* 17 novembre – Leur poutre, notre paille

Le véto mis par Budapest et Varsovie au plan de relance européen tient à la condition d’un respect effectif de l’état de droit posée par les institutions européennes. Le mécanisme de ‘’non-financement’’ des Etats coupables avait pourtant été adopté, non sans difficultés, à la majorité qualifiée, par le Parlement et le Conseil européens. L’accord, avait ouvert la voie à un compromis sur l’ensemble du budget pluriannuel (2021-2027), auquel le plan de relance est adossé. Ce rappel aux valeurs fondatrices de l’Union visait la Hongrie et le Pologne, dont les autorités actuelles, d’inspiration populiste, ne cessent de s’écarter des droits et libertés civiles. Plus qu’une sanction, il se veut une incitation au rétablissement de l’équilibre des pouvoirs, rompu par ces régimes au profit de conceptions ‘’illibérales’’ ou traditionnalistes d’un Exécutif fort monopolisant les pouvoirs.

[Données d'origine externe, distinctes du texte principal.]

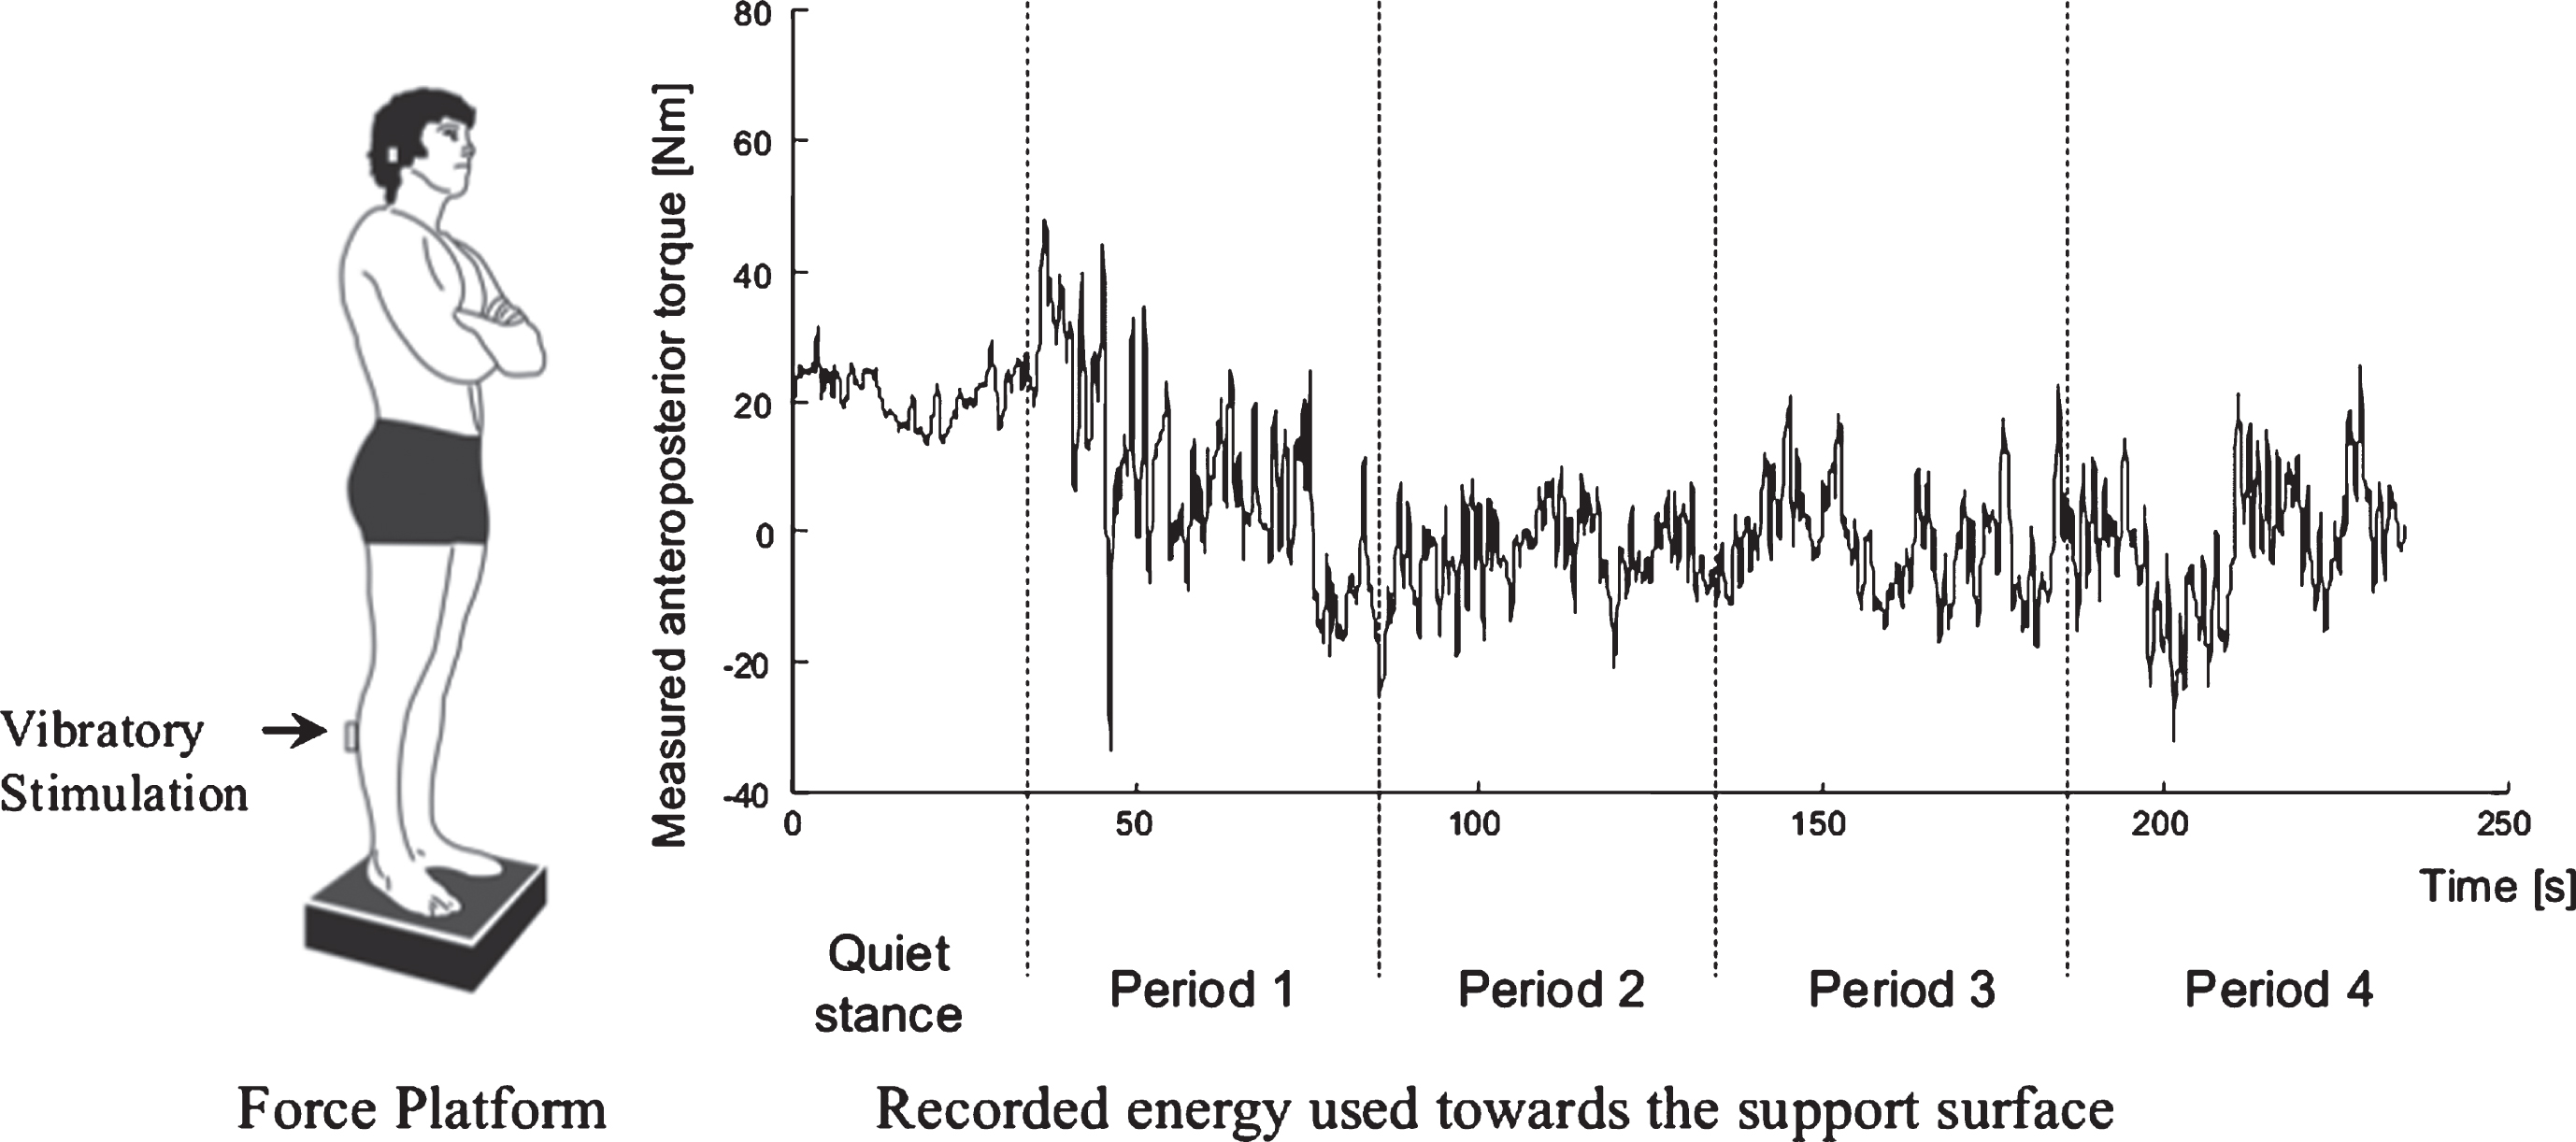 Posturography test. Division of each recorded test into quiet stance and 4 perturbation periods. Each test lasted for 230 seconds, with an initial 30 s recording of quiet stance before any perturbing stimulus was applied, and subsequent 200 s of perturbing stimuli. The perturbation periods were split into four periods during the stimulation (30–80, 80–130, 130–180, and 180–230 seconds, respectively). Each of the perturbation periods contained the same amplitude and duration of perturbing stimulus.

L’apparition d’une gouvernance du style ‘’années 1930’’, discriminant certaines catégories de leurs citoyens, fait peur à l’Europe. Les ‘’pères-fondateurs’’ n’auraient jamais pu imaginer que des situations aussi contraires à leurs idéaux prévaudraient un jour. Encore moins, qu’un tel pronunciamiento totalitaire prendrait en otage l’économie et la vie quotidienne de 450 millions d’Européens. Et bien si, et c’est assumé ! Le gouvernement hongrois se montre intraitable dans les négociations à Bruxelles, mais il cantonne sa parole publique sur twitter, comme pour montrer ses affinités avec le perdant des élections américaines… ou son fond de mauvaise conscience.

La présidence allemande se montre contrariée de ce mauvais tour : ‘’Nous avons déjà perdu beaucoup de temps, face à la deuxième vague de la pandémie et aux graves dégâts économiques engendrés ». C’est en fait la troisième crise que l’Europe doit traverser  simultanément : pandémie longue et ingérable, offensive terroriste, montée de haine face aux démocraties et aux institutions qu’elles ont établies. Et le problème climatique n’est pas loin. Dans ce triple état d’urgence, les esprits perdent la boussole et les emballements destructeurs finissent par paraître ‘’dans l’ordre des choses’’. Il est vrai que les démocraties ‘’moralisantes’’ prennent, elles-mêmes, de grandes libertés avec nos droits en s’appuyant sur ‘’l’apathie démocratique et citoyenne’’. Alors, elles pointent du doigt leurs voisins orientaux, façon de faire oublier que, chez nous aussi, mais de façon plus  »soft », les libertés fondamentales fondent comme neige au soleil.